Data excerpt:

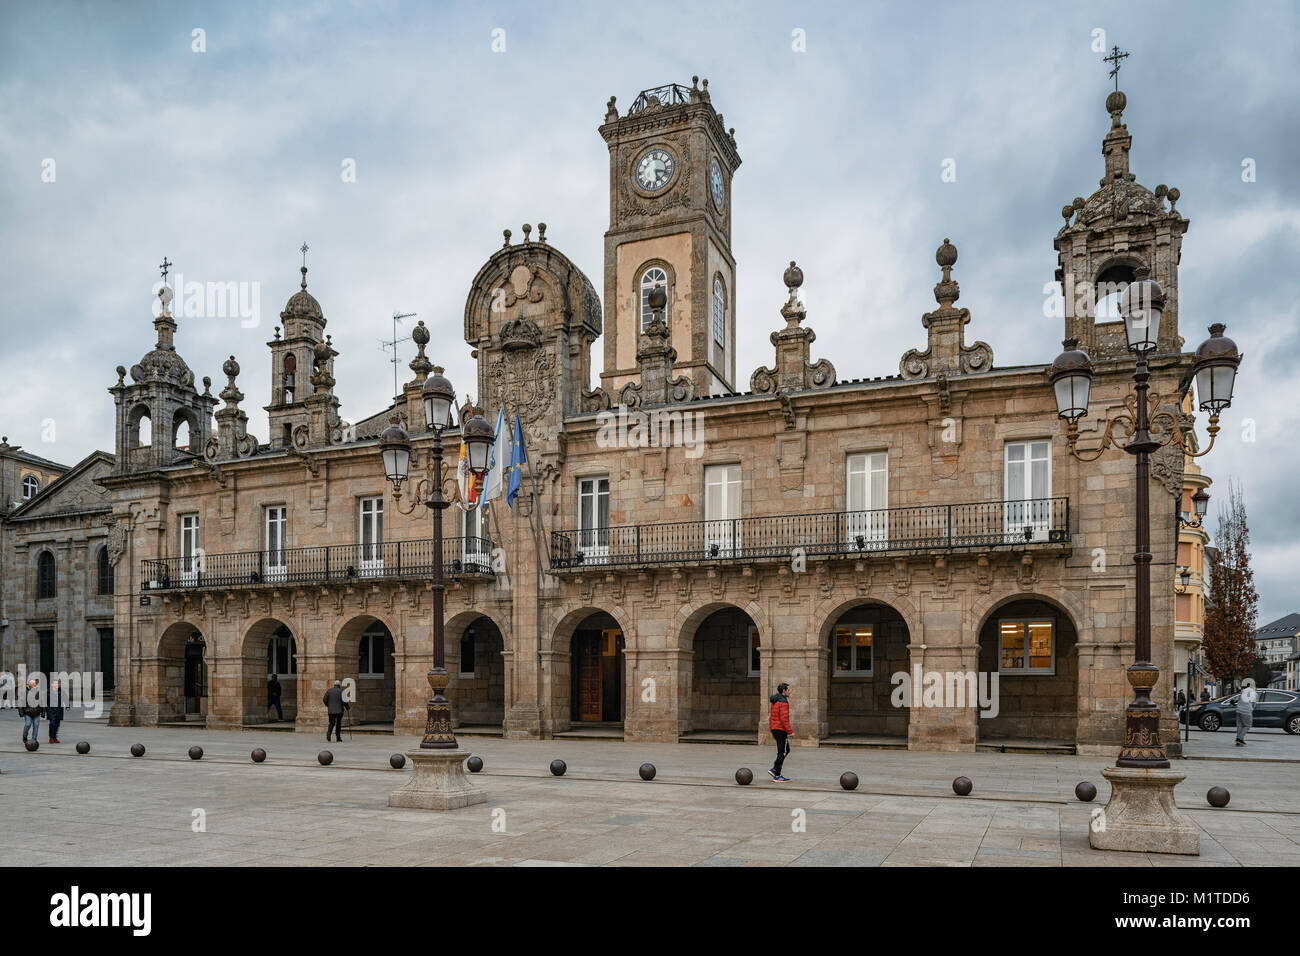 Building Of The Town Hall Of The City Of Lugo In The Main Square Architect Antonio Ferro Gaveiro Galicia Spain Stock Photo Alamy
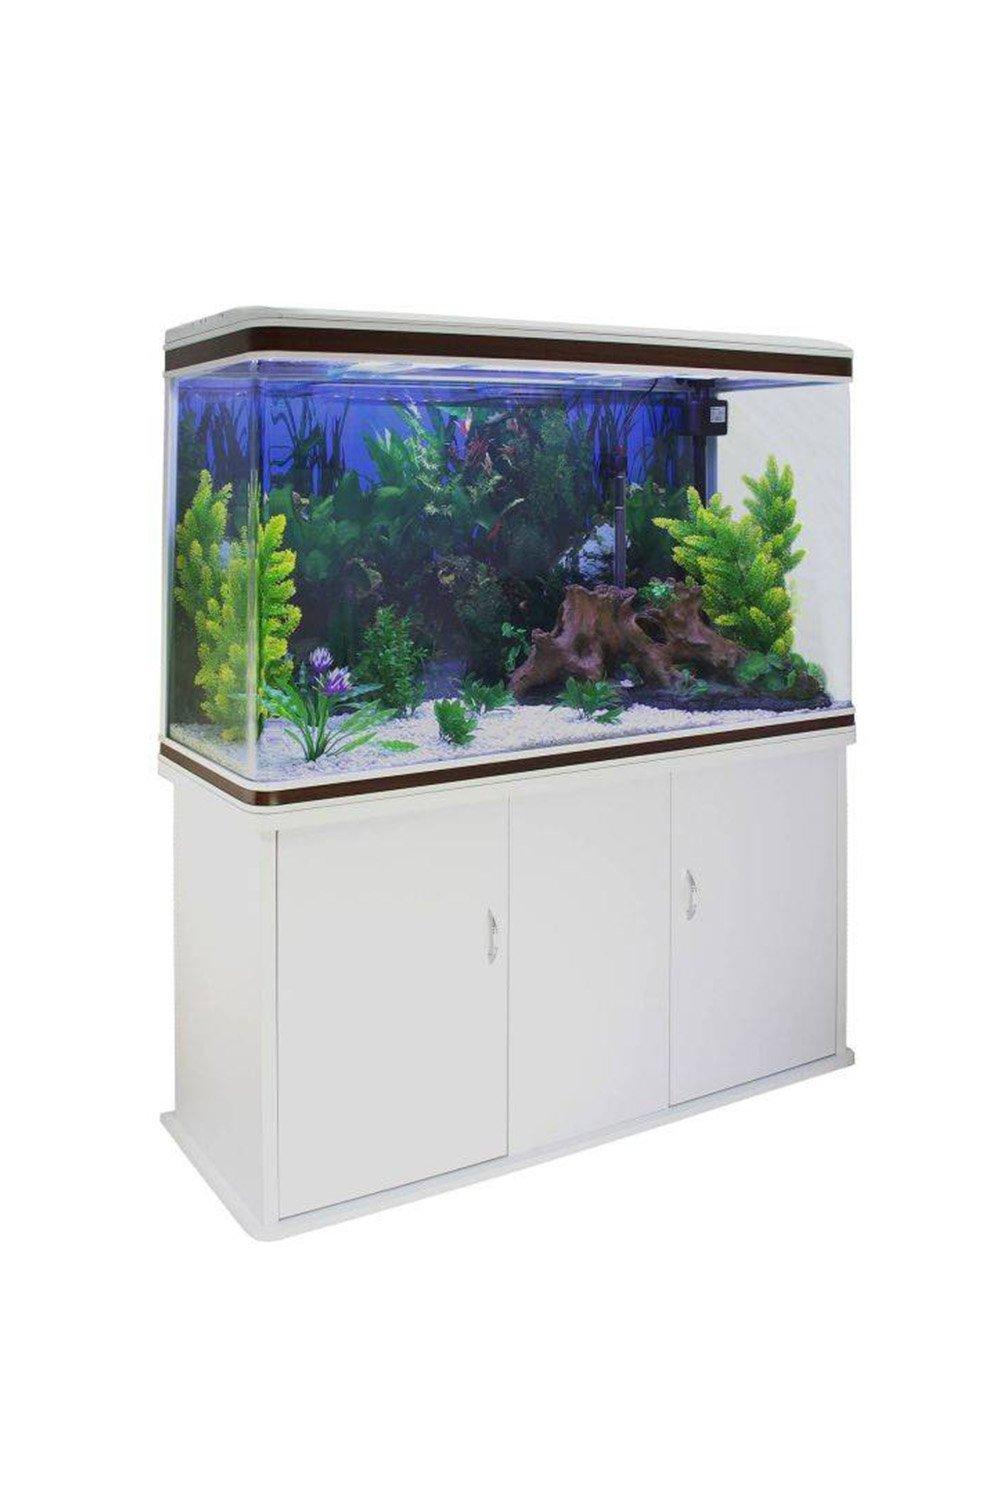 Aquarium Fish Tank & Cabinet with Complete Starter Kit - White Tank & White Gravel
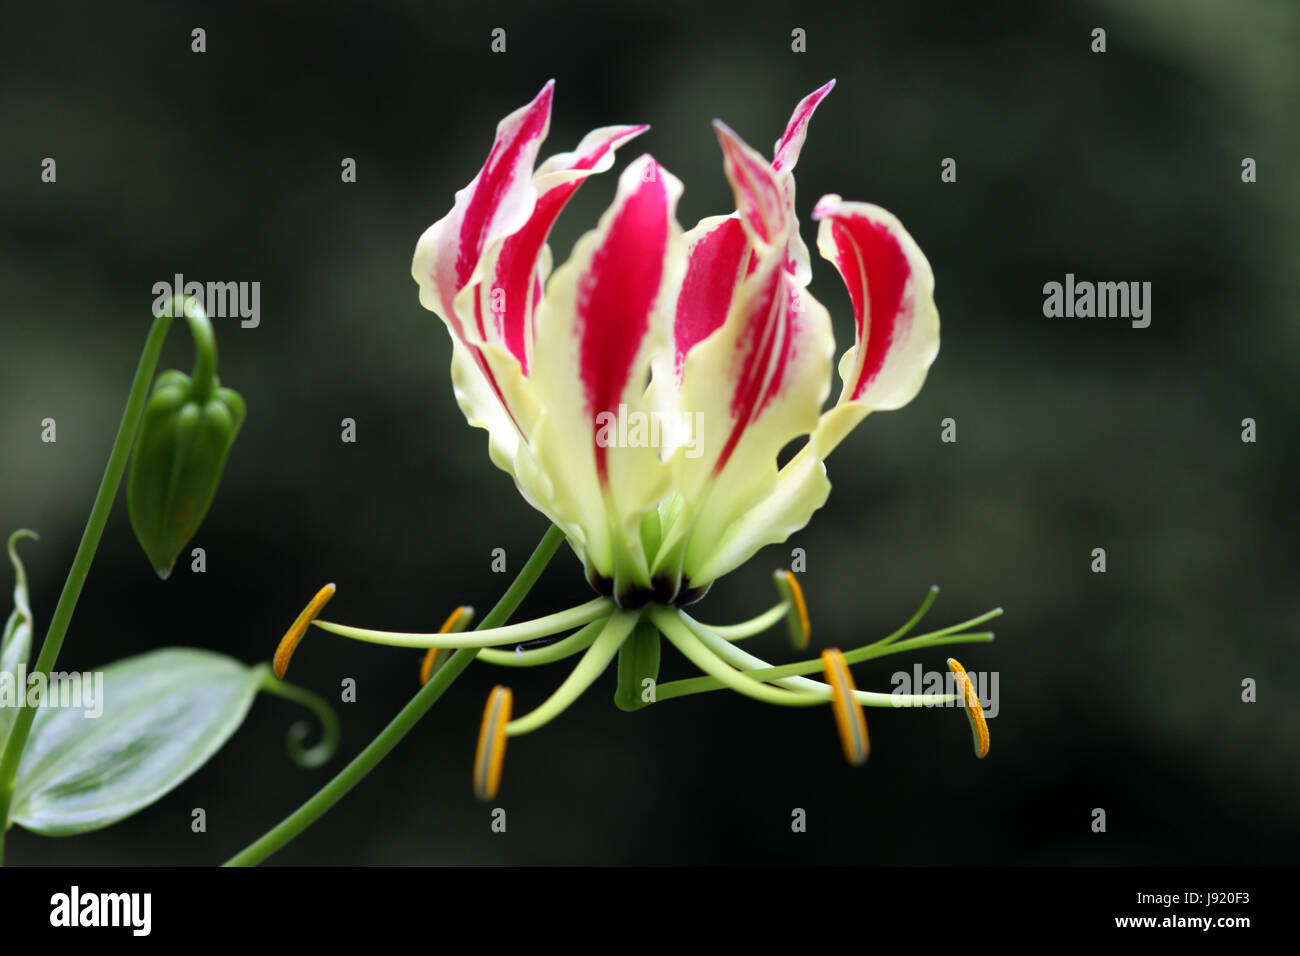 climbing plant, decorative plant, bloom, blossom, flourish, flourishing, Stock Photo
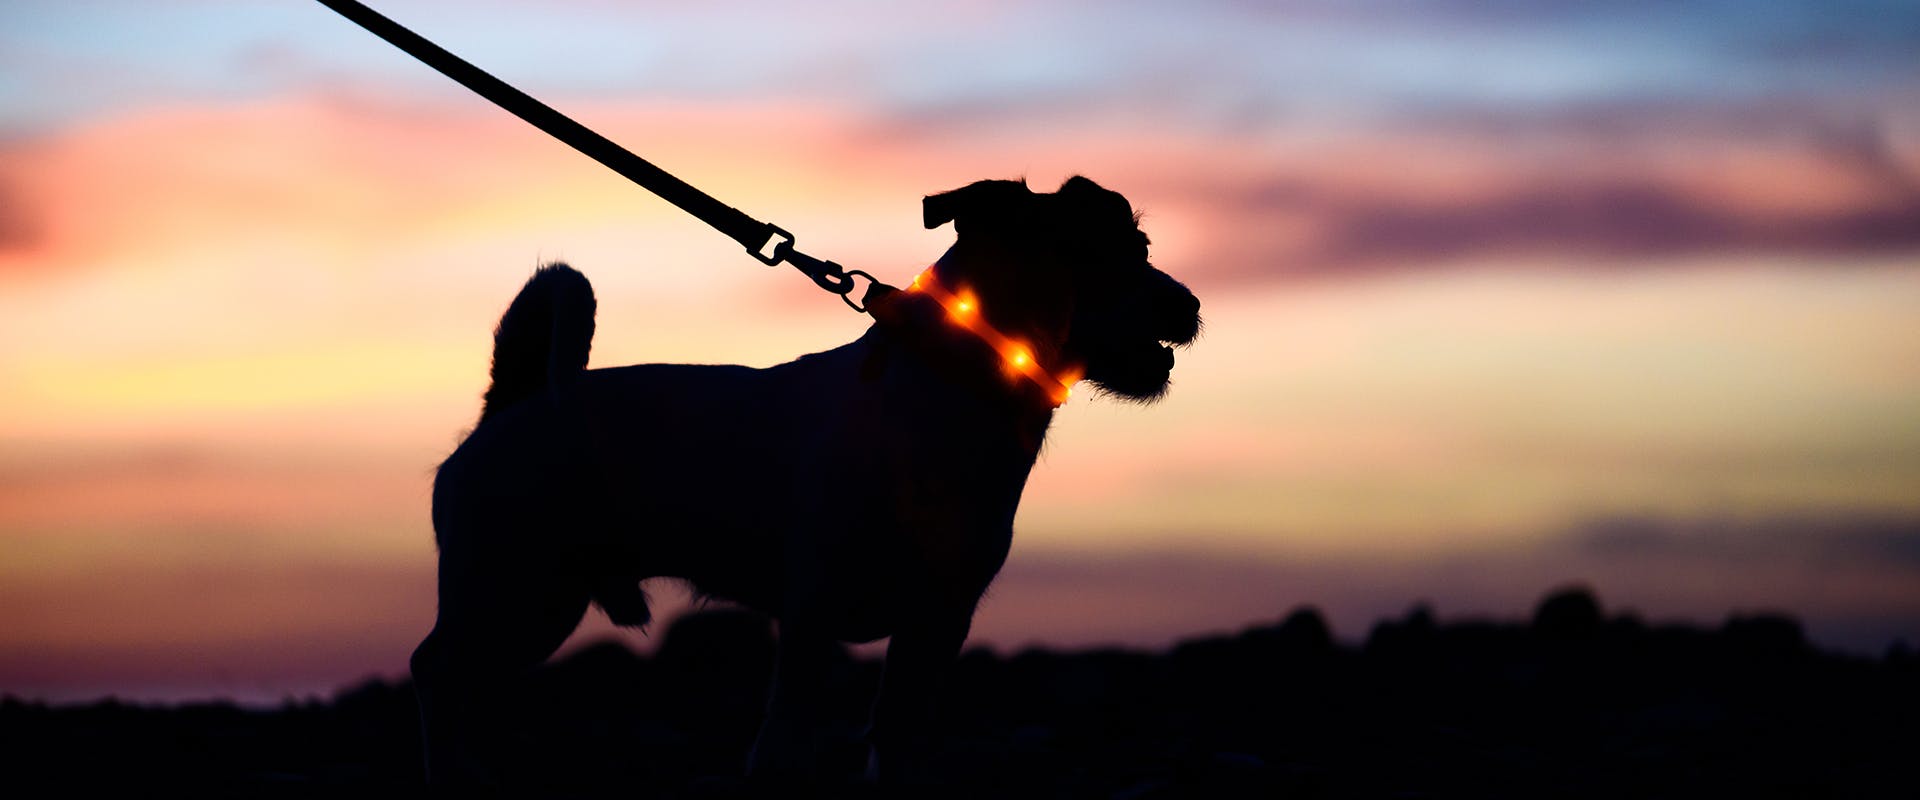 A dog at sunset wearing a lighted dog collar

Problem statement:
An exact printout of the listing is needed, minus any pictures it contains.

Answer space:
 Building Of The Town Hall Of The City Of Lugo In The Main Square Architect Antonio Ferro Gaveiro Galicia Spain Stock Photo Alamy
 Aquarium Fish Tank & Cabinet with Complete Starter Kit - White Tank & White Gravel
 climbing plant, decorative plant, bloom, blossom, flourish, flourishing, Stock Photo
 A dog at sunset wearing a lighted dog collar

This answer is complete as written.